Keys are still available via Ebay UK occasionally  for the fork lock but you need to know the lock code number (there are around 25 different I believe).
It's very difficult to find out the number without destroying the lock whilst attempting to remove it so you're in a bit of a catch22 situation!
The brakes look good but they're not that good for emergency stops!
I see you have a front dynohub on yours, is it in working order? I have a '54 Rudge with a rear wheel 3-speed dynohub that I've yet to try.


----------



## Dale Alan (Apr 10, 2016)

Thanks for the info.I think I will leave the lock alone,I can live without the key . Thought it would be cool to have it functioning but I don't want to mess it up.
My dynohub is in fine working order,I don't have anything to power with it at the moment .This is my first Superbe,I hope to find more . Brooks saddle will finalize this build someday.


----------



## dnc1 (Apr 10, 2016)

My sentiments exactly re. the lock.
Ebayuk usually has a good range of old brooks saddles and dynohub lighting sets available, though they can be a little pricey.
Good luck with your search.


----------



## Intense One (Apr 10, 2016)

dnc1 said:


> My 1957 Raleigh 'Superbe' single speed with custom purple paint.
> Perfect for those pub rides in the sunshine!
> 
> View attachment 303624
> ...



I like the rake of that fork!  Cool color!


----------



## dnc1 (Apr 10, 2016)

It's Halfords 'berry purple', and is not to everyone's taste.
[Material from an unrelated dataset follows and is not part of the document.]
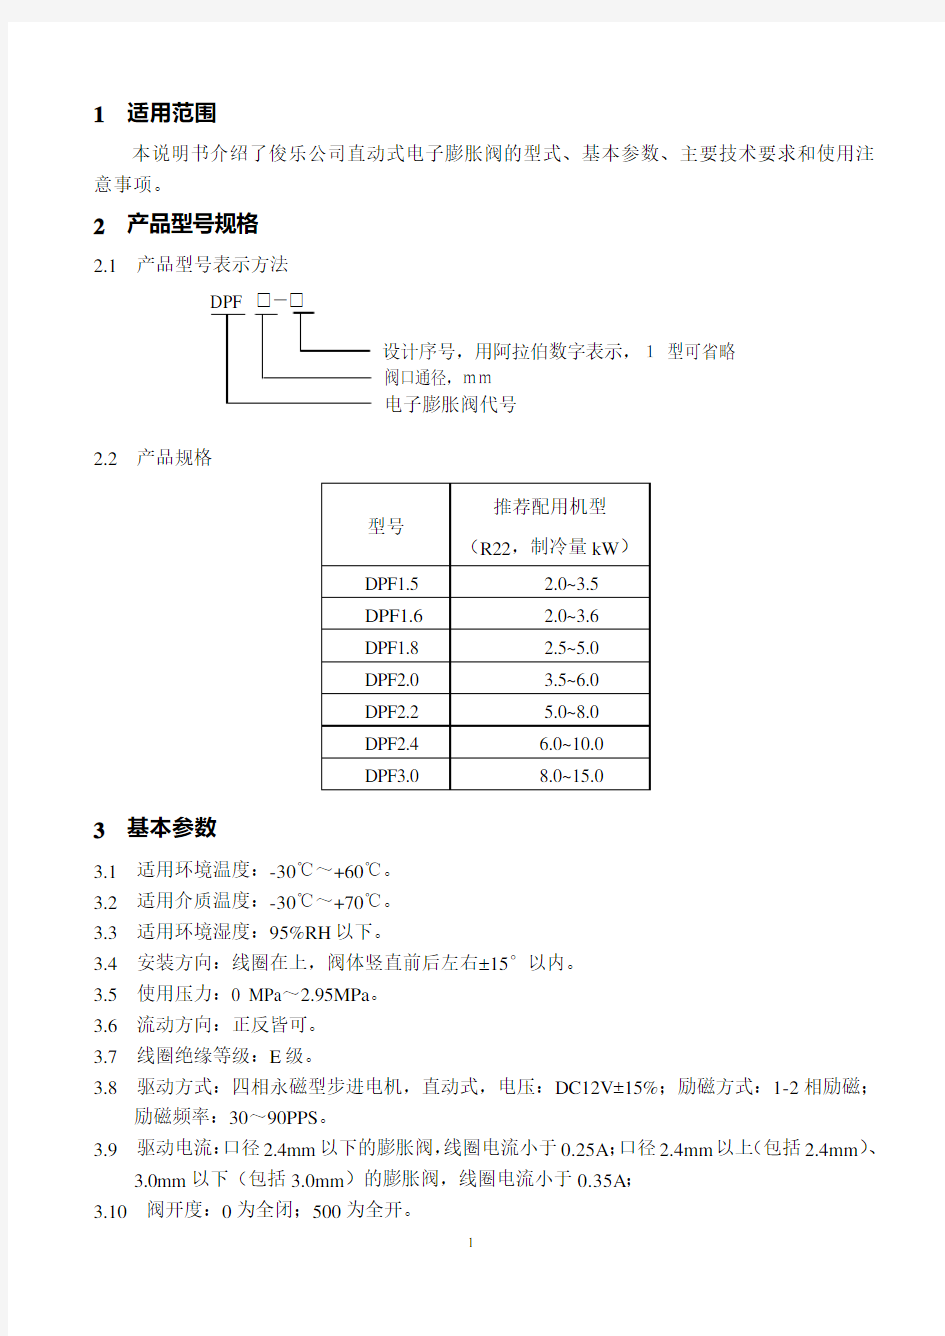 DPF电子膨胀阀产品说明书-2003

It's caused a few raised eyebrows and comments of "WHY??!!!" etc. on my local vintage ride out.
But love it or hate it, I too think its a cool colour.


----------



## dnc1 (May 8, 2016)

Here it is actually outside a pub at the brilliant Wallingford historic vehicle parade this afternoon.


----------



## bulldog1935 (May 8, 2016)

paint's a little hot for me, but I really like the details on the bike - good job

have you tried a locksmith on the fork lock?


----------



## Intense One (May 8, 2016)

I like the rod brake system....looks really cool.   Wish I had one on mine.


----------



## SirMike1983 (May 8, 2016)

Intense One said:


> I like the rod brake system....looks really cool.   Wish I had one on mine.View attachment 314676




The bike you're looking for is called a "Raleigh Dawn". The Dawn was the 26 inch wheel, Raleigh Sports-style frame with rod brakes and, often, a full chain case.


----------